Все знают, в чём интрига романа Хемингуэя «Фиеста». На Первой мировой войне парня ранило в детородный орган, и поэтому за интимной жизнью возлюбленной он вынужден был следить со стороны. В госпитале я познакомился с русским парнем из Армении. Осколок задел его левое яичко. После первой операции, проведённой в Афганистане, загноились швы. Его привезли в наш госпиталь для повторной операции. Врачи пообещали парню, что оставшееся правое яичко его не подведёт. Надеюсь, они не обманули.
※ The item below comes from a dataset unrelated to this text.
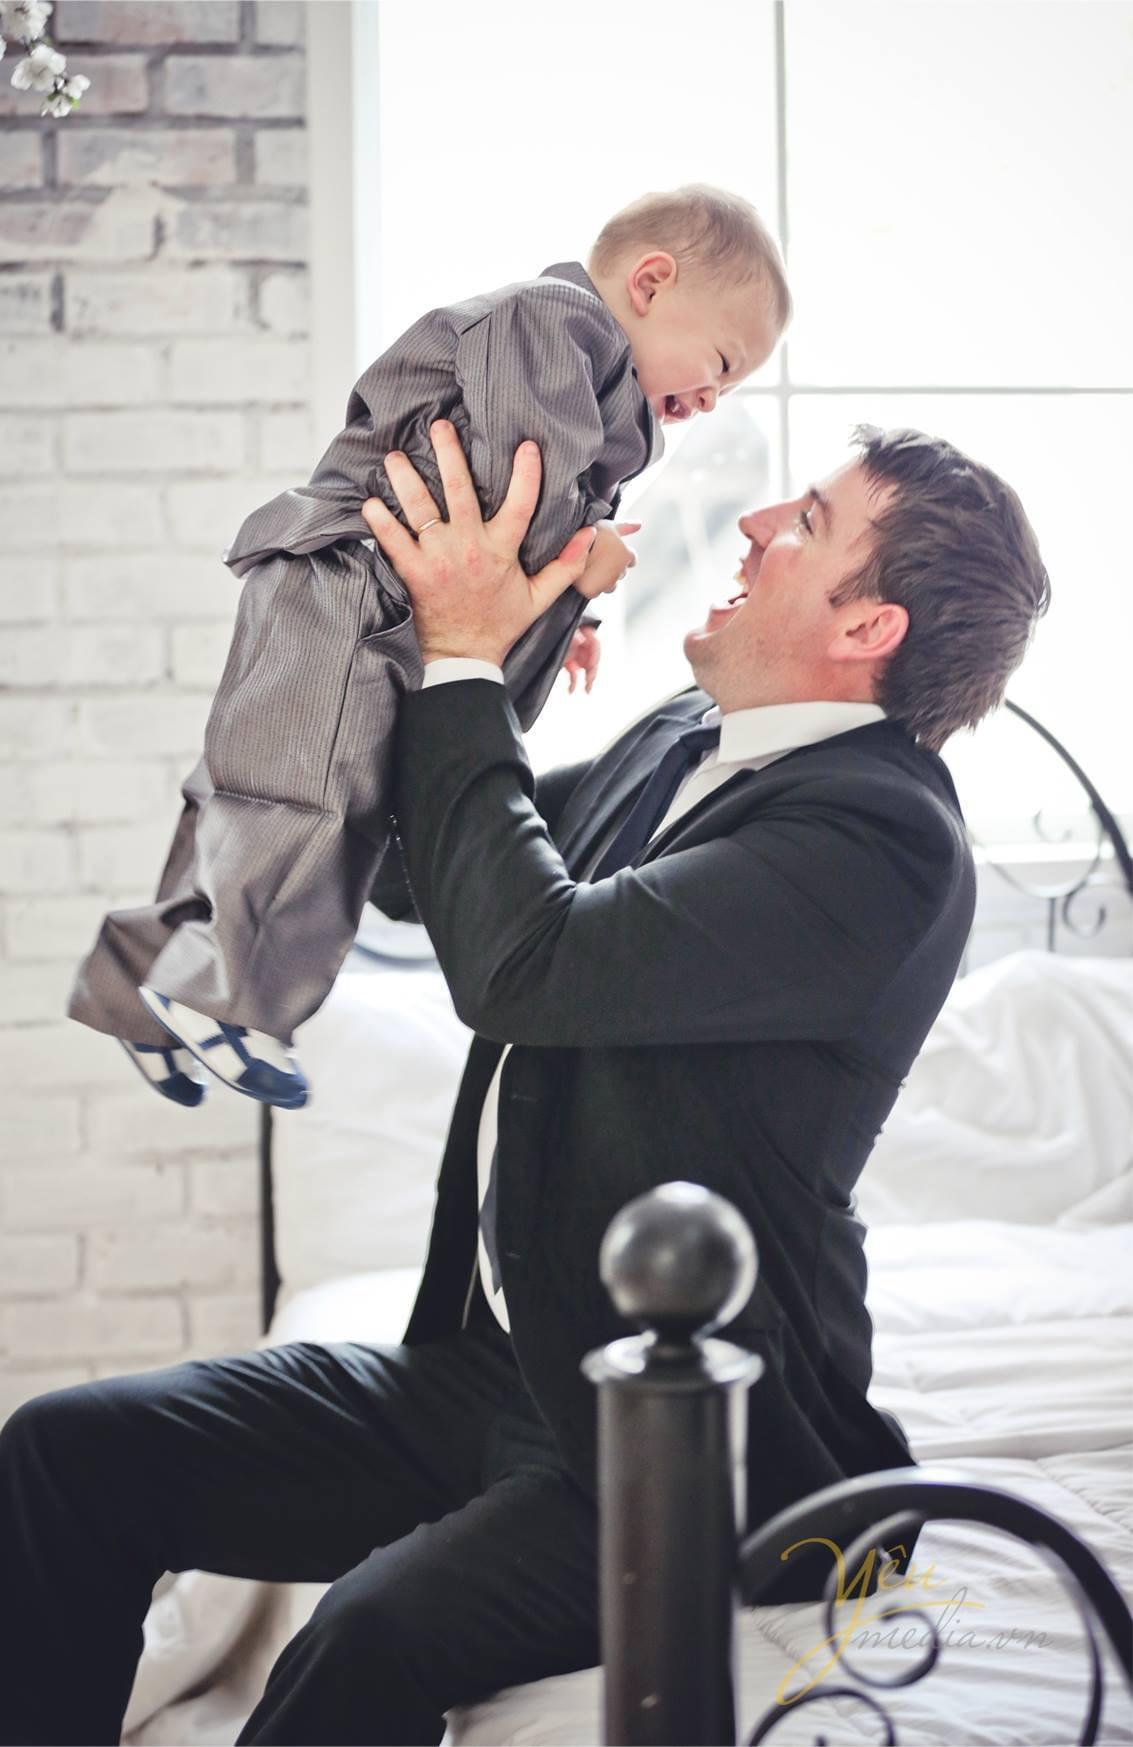 chụp ảnh bố bế em bé vui cười kỷ niệm sinh nhật

Зачем я всё это рассказал? Затем, чтобы донести, пояснить свою мысль: если бы на войне был выбор только между жизнью и смертью, рисковые люди должны были её принять. Но ведь есть ещё третий вариант – остаться калекой. И если ты поёшь дифирамбы войне, то ты должен принять и его, этот третий вариант, а он самый страшный. Жить до старости неполноценным. Когда-нибудь все вокруг забудут о войне, а ты так и будешь ездить на коляске или передвигаться на костылях, мешая спешащей по делам или за развлечениями толпе. Ты не будешь напоминанием или предупреждением. Ты будешь помехой. Если ты готов принять этот вариант, тогда ладно. А если нет, то не надо спешить с пропагандой войны как гигиены мира.
Андрей Песоцкий – отличный пример того, как отражается на неглупом человеке членство в партии «Другая Россия». Все его тексты – это какое-то стучание ложками по кастрюле. Лимоновские публицисты похожи на заводных зайцев-барабанщиков. Одни только лозунги. Ни на чём не основанное самодовольство. Сплошное позёрство. Полная неспособность к рефлексии, а тем более – к саморефлексии. Форма без содержания.
Когда-то Песоцкий был автором сайта «Новый смысл». У него был цикл текстов про типичных: «Портрет типичного коммуниста», «Портрет типичного анархиста». Песоцкий был нетипичным лимоновцем, ибо старался шевелить мозгами. Но он так тщательно и долго скрывал это, что стал-таки типичным лимоновцем.